Four Major Stages of Brain Development from Birth to Age 90

Our brain’s functionality isn’t static throughout our lives. We know that our capacity for learning and the risk of cognitive decline fluctuate from infancy to our 90s. Recently, scientists may have uncovered a possible reason for this change. The wiring of our brains seems to experience four key turning points at ages 9, 32, 66, and 83.

Previous studies indicate that our bodies undergo three rapid aging cycles around the ages of 40, 60, and 80. However, the complexity of the brain complicates our understanding.

The brain consists of distinct regions that communicate through white matter tracts. These tracts are wire-like structures formed by long, slender projections known as axons, which extend from neurons, or brain cells. These connections significantly influence cognitive functions, including memory. Nevertheless, it was uncertain if this substantial change in wiring transpires throughout one’s life. “No one has combined multiple metrics to characterize stages of brain wiring,” states Alexa Mousley from Cambridge University.

In an effort to bridge this knowledge gap, Maudsley and his team examined MRI scans of roughly 3,800 individuals from the UK and US, primarily white, spanning ages from newborns to 90 years. These scans were previously gathered as part of various brain imaging initiatives, most of which excluded individuals with neurodegenerative diseases or mental health issues.

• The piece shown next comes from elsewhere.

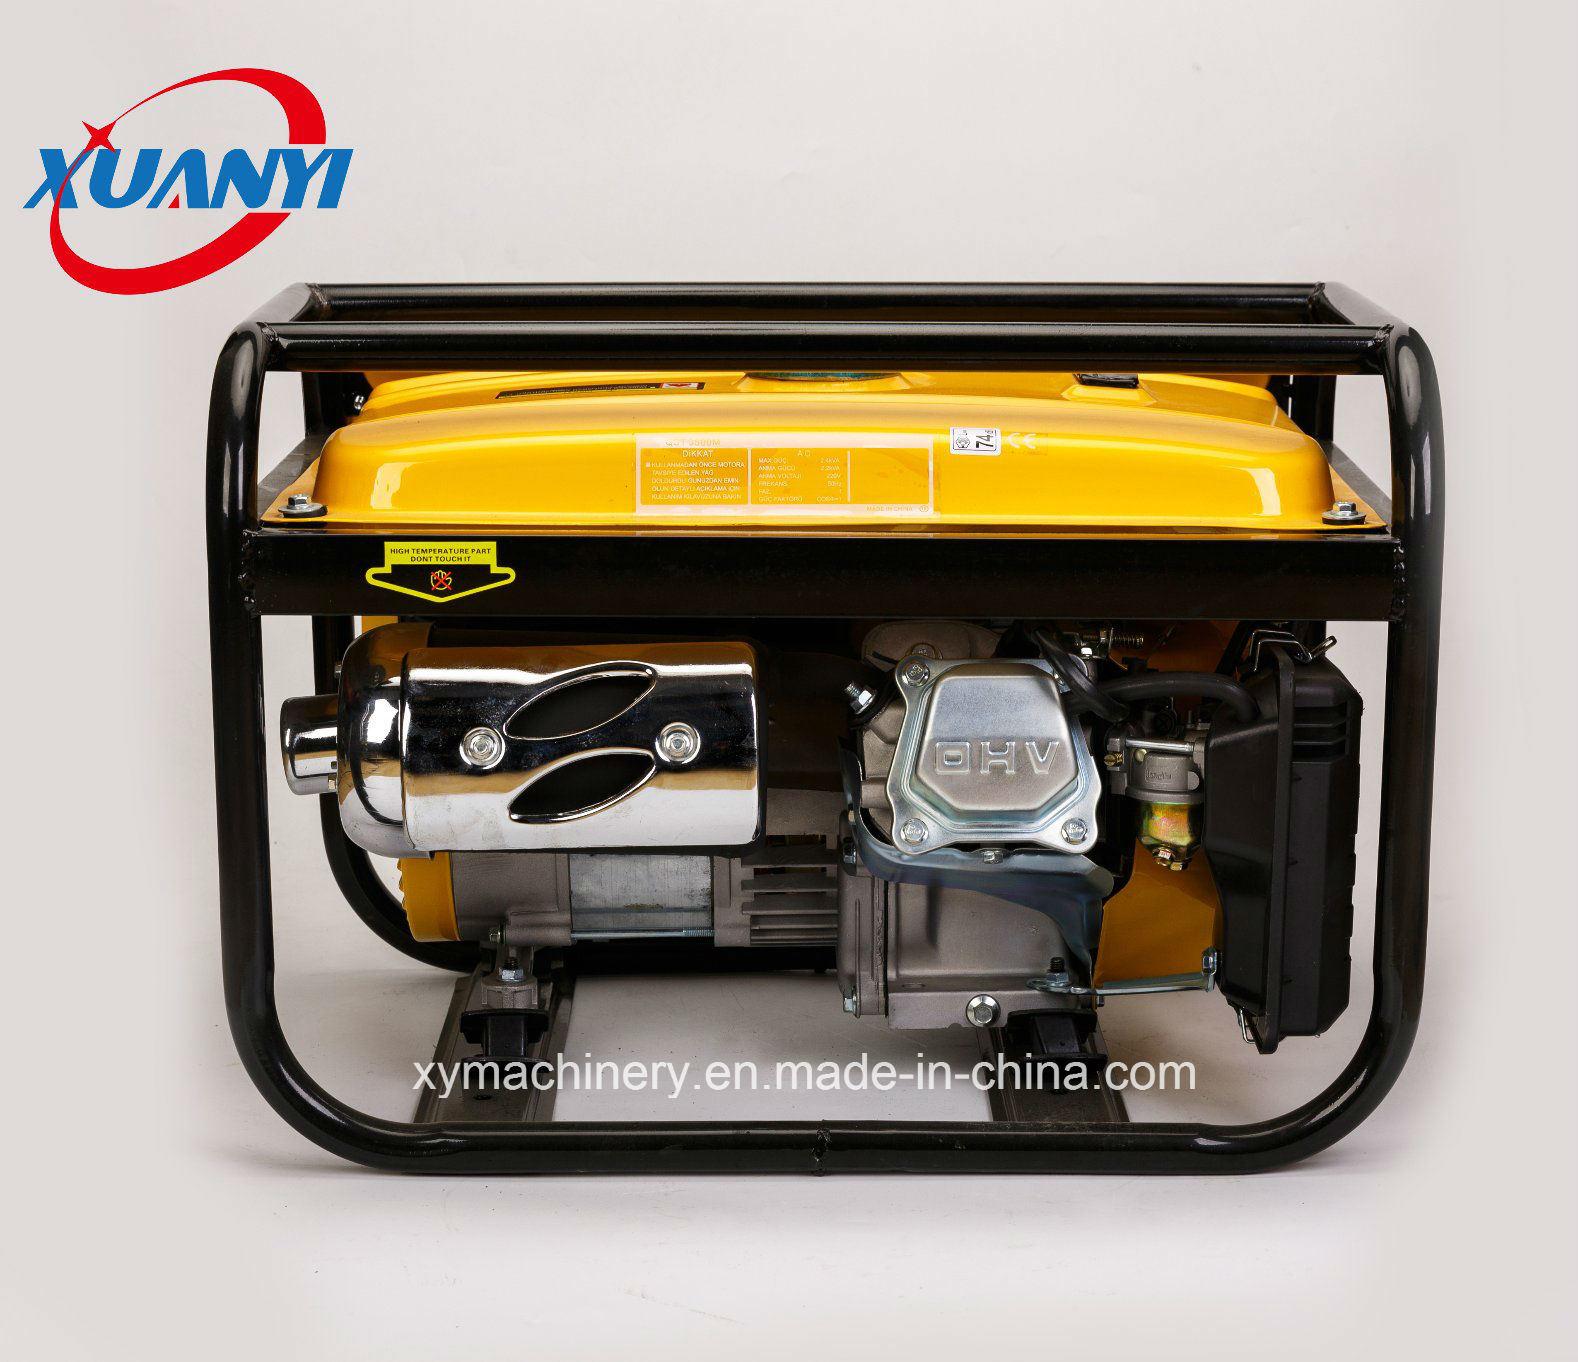 High Quality 2500W 7HP 100% Copper Wire Electric Start Petrol/Gasoline Generator

The researchers discovered that the brain wiring of individuals reaching 90 years old typically progresses through five significant stages, separated by four primary turning points.

In the initial stage, from birth to age nine, the white matter tracts between brain areas seem to become longer, more intricate, and less efficient. “It takes time for information to travel between regions,” explains Mausley.

This may be due to the abundance of connections in our brains as young children. As we age and gain experiences, we gradually eliminate unused connections. Mausley notes that the brain prioritizes making broader connections, beneficial for activities like piano practice, though at the expense of efficiency.

However, during the second stage, from ages 9 to 32, this trend appears to reverse, potentially driven by the onset of puberty and hormonal shifts affecting brain development. “Suddenly, your brain’s connections become more efficient. Connections become shorter, allowing information to traverse more swiftly,” says Mausley. This could enhance skills such as planning and decision-making, along with improved cognitive abilities like working memory.

The third stage, which spans from 32 to 66 years, is the longest phase. “During this stage, the brain continues to change, albeit at a slower rate,” Mausley explains. Specifically, she notes that connections between regions have a tendency to become less efficient over time. “It’s unclear what exactly triggers this change; however, the 30s often involve significant lifestyle alterations, like starting a family, which may play a role,” she adds. This inefficiency might also stem from general physical wear and tear, as noted by Katia Rubia from King’s College London.

From ages 66 to 83, the connections between neurons in the same brain area tend to remain more stable than those among different regions. “This is noteworthy, especially as the risk of developing conditions like dementia increases during this period,” Mausley remarks.

In the final stage, from ages 83 to 90, connections between brain regions weaken and rely more frequently on “hubs” that link multiple areas. “This indicates that there are fewer resources available to maintain connections at this age, leading the brain to depend on specific areas to serve as hubs,” Mausley explains.

Understanding these alterations in the brain could provide insights into why mental health issues arise, typically before the age of 25, and why individuals over 65 are particularly vulnerable to dementia, she states.

“It’s vital to comprehend the normal stages of structural changes in the brain throughout the human lifespan, so future research can explore deviations that occur in mental health and neurodegenerative disorders,” Rubia notes. “Grasping the causes of these deviations can assist us in pinpointing treatment strategies. For instance, we might examine which environmental factors or chemicals are responsible for these differences and discover methods to counteract them through treatments, policies, and medications.”

Nevertheless, Rubia emphasizes the need for further research to determine whether these findings apply to a more ethnically and geographically diverse population.